Puluhan uang Rupiah, baik kertas maupun logam, sudah dicabut dan ditarik dari peredaran oleh Bank Indonesia (BI). Artinya, uang tersebut tidak lagi berlaku sebagai alat pembayaran yang sah di Indonesia.
Meski begitu, masyarakat masih diberi kesempatan untuk menukarkannya dengan Rupiah yang masih berlaku. Tapi ada batas waktunya, jadi sebaiknya jangan ditunda.
Sebagian uang yang dicabut ini termasuk Uang Rupiah Khusus (URK), seperti seri 25 Tahun Kemerdekaan RI, Cagar Alam, hingga Save The Children. Ada juga seri Perjuangan Angkatan ’45 RI, 50 Tahun Kemerdekaan RI, dan For The Children Of The World.

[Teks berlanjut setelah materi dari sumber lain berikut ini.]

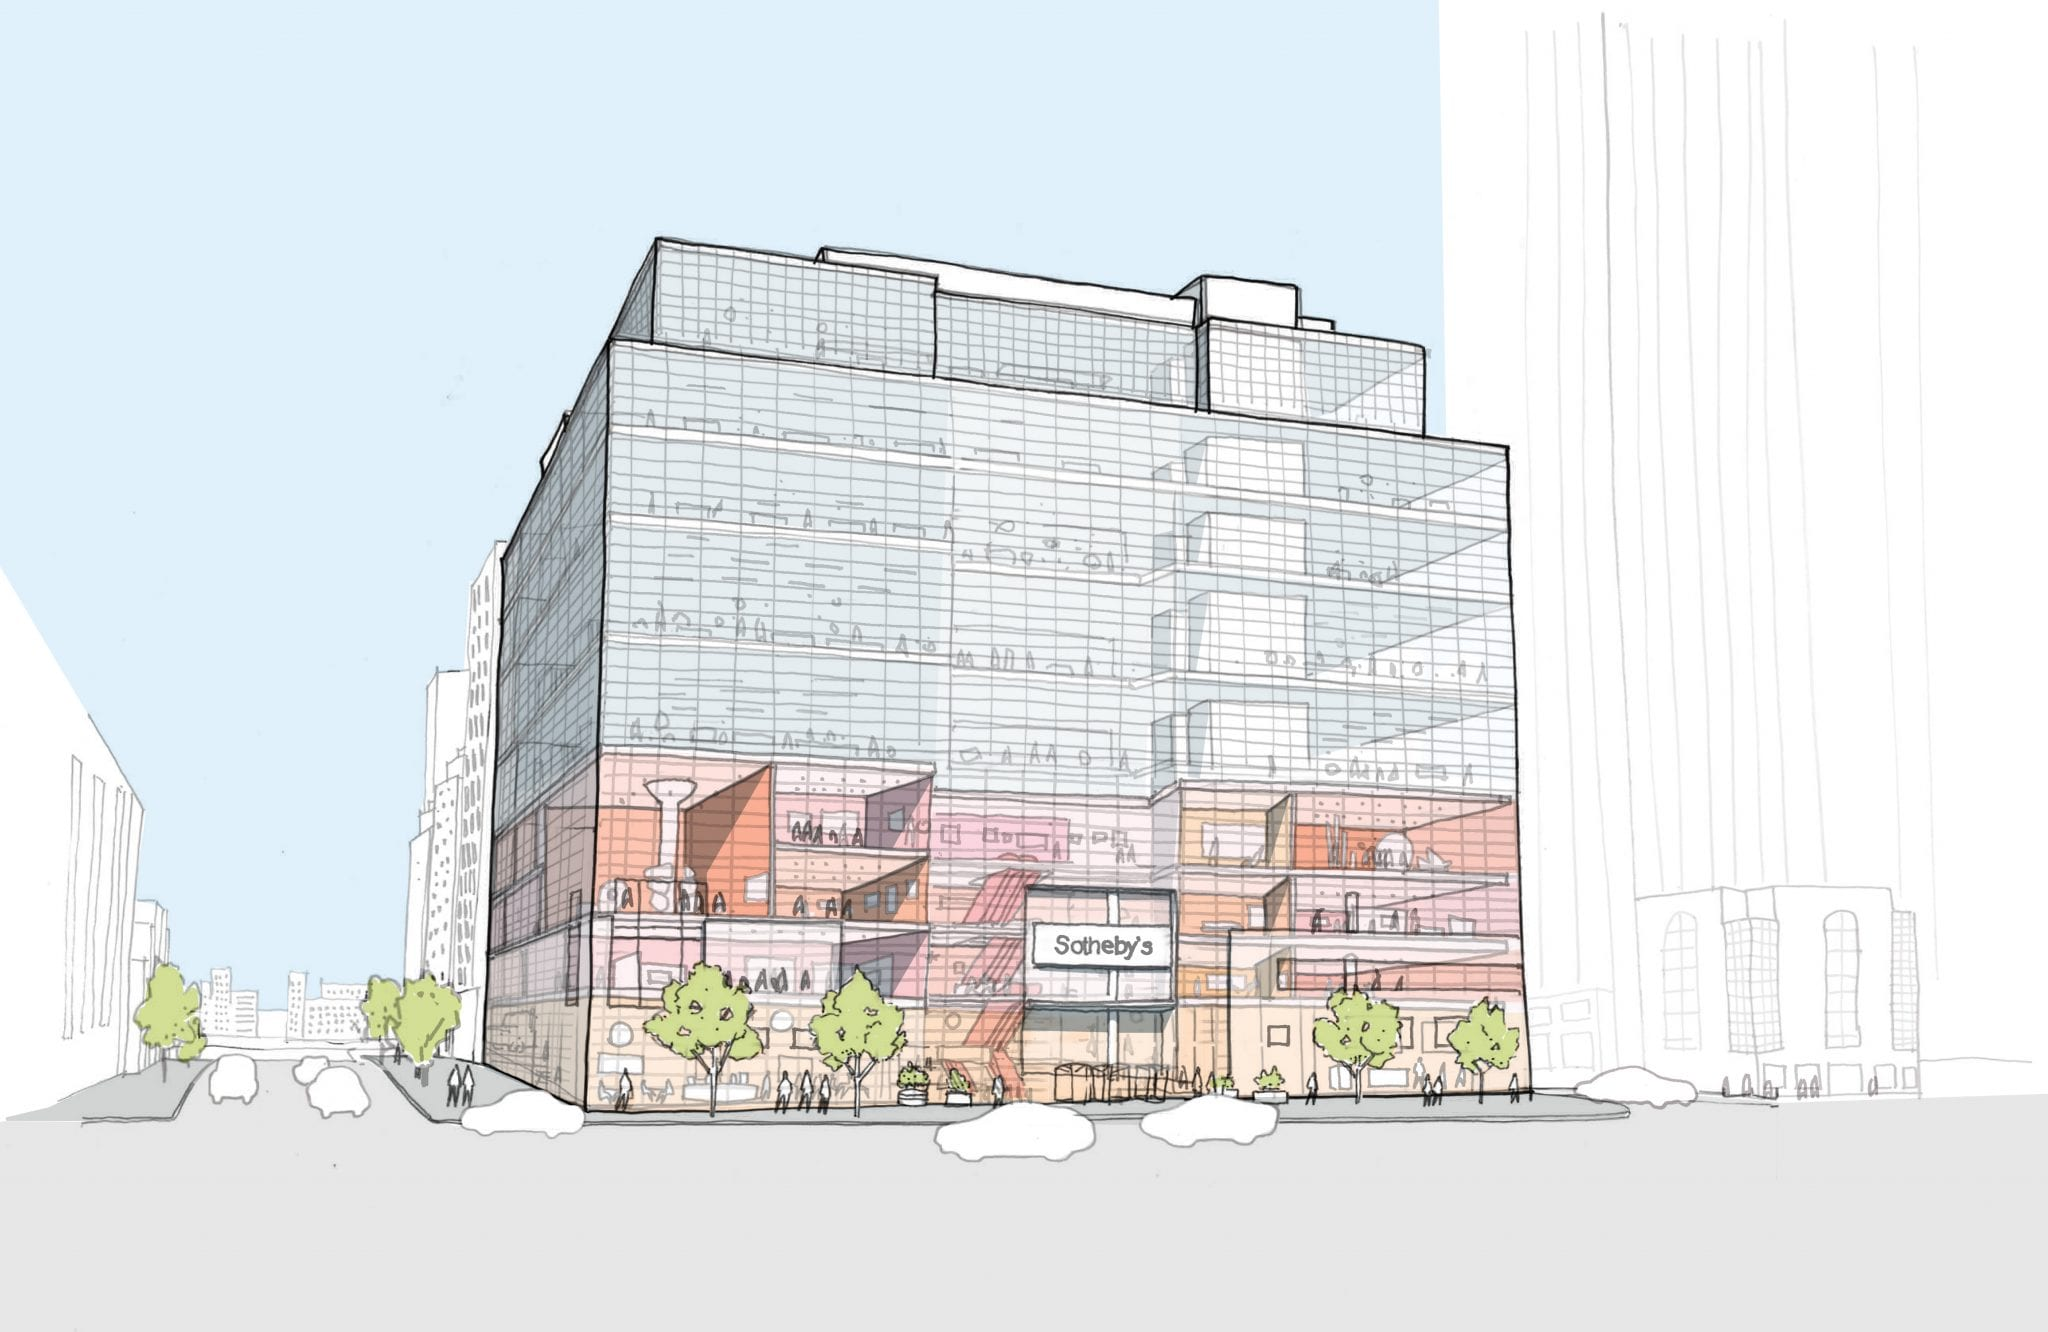 Sotheby's NYC si rinnova. Ecco le novità della nuova sede inYork Avenue

Umumnya, uang yang sudah tidak berlaku ini berasal dari tahun emisi lama, kebanyakan sebelum tahun 2000, mulai dari 1964, 1970-an, hingga 1980-an.
Sebagai contoh, uang kertas Rp100 tahun emisi 1984 sudah dicabut sejak 1995. Namun, penukarannya masih dibuka hingga 24 September 2028 di Kantor Pusat Bank Indonesia.
Contoh uang yang sudah dicabut BI
Beberapa uang yang sudah tidak berlaku, tapi masih bisa ditukar antara lain:
Uang kertas emisi 1980-an
- Rp100, Rp10.000, Rp5.000, Rp1.000, dan Rp500
Dicabut: 25 September 1995
Batas penukaran: 24 September 2028
Seri Dwikora (1964)
- Pecahan Rp0,05 hingga Rp0,50
Batas penukaran: 14 November 2029
Uang logam lama
- Rp2 (1970) dan Rp10 (1971–1979)
Batas penukaran: 14 November 2029
Uang Rupiah Khusus (URK)
- Seri 25 Tahun Kemerdekaan RI, Cagar Alam, Save The Children, dan Perjuangan Angkatan ’45
Dicabut: 30 Agustus 2021
Batas penukaran: 29 Agustus 2031
Pencabutan terbaru
- Rp500 (1991 & 1997) dan Rp1.000 (1993)
Batas penukaran: 1 Desember 2033 - Seri 50 Tahun Kemerdekaan RI (1995)
Batas penukaran: 30 Agustus 2032 - Seri For The Children Of The World (1999)
Batas penukaran: 31 Januari 2035
Sebagian uang tersebut bahkan masih bisa ditukar hingga tahun 2030-an, tergantung kebijakan saat pencabutan.
Cara dan tempat penukaran
Penukaran uang lama bisa dilakukan di:
- Kantor Pusat Bank Indonesia (KPBI)
- Kantor Perwakilan Bank Indonesia di dalam negeri (KPw BI)
Namun, dalam beberapa kasus, penukaran hanya dilayani di kantor pusat jika sudah melewati batas waktu di kantor daerah.
Kesimpulan
Uang Rupiah yang sudah dicabut memang tidak bisa lagi digunakan untuk transaksi. Namun, selama belum melewati batas waktu, uang tersebut masih bisa ditukarkan.
Karena itu, penting untuk mengecek kembali uang lama yang dimiliki. Jangan sampai terlewat, karena setelah melewati tenggat, uang tersebut tidak lagi memiliki nilai.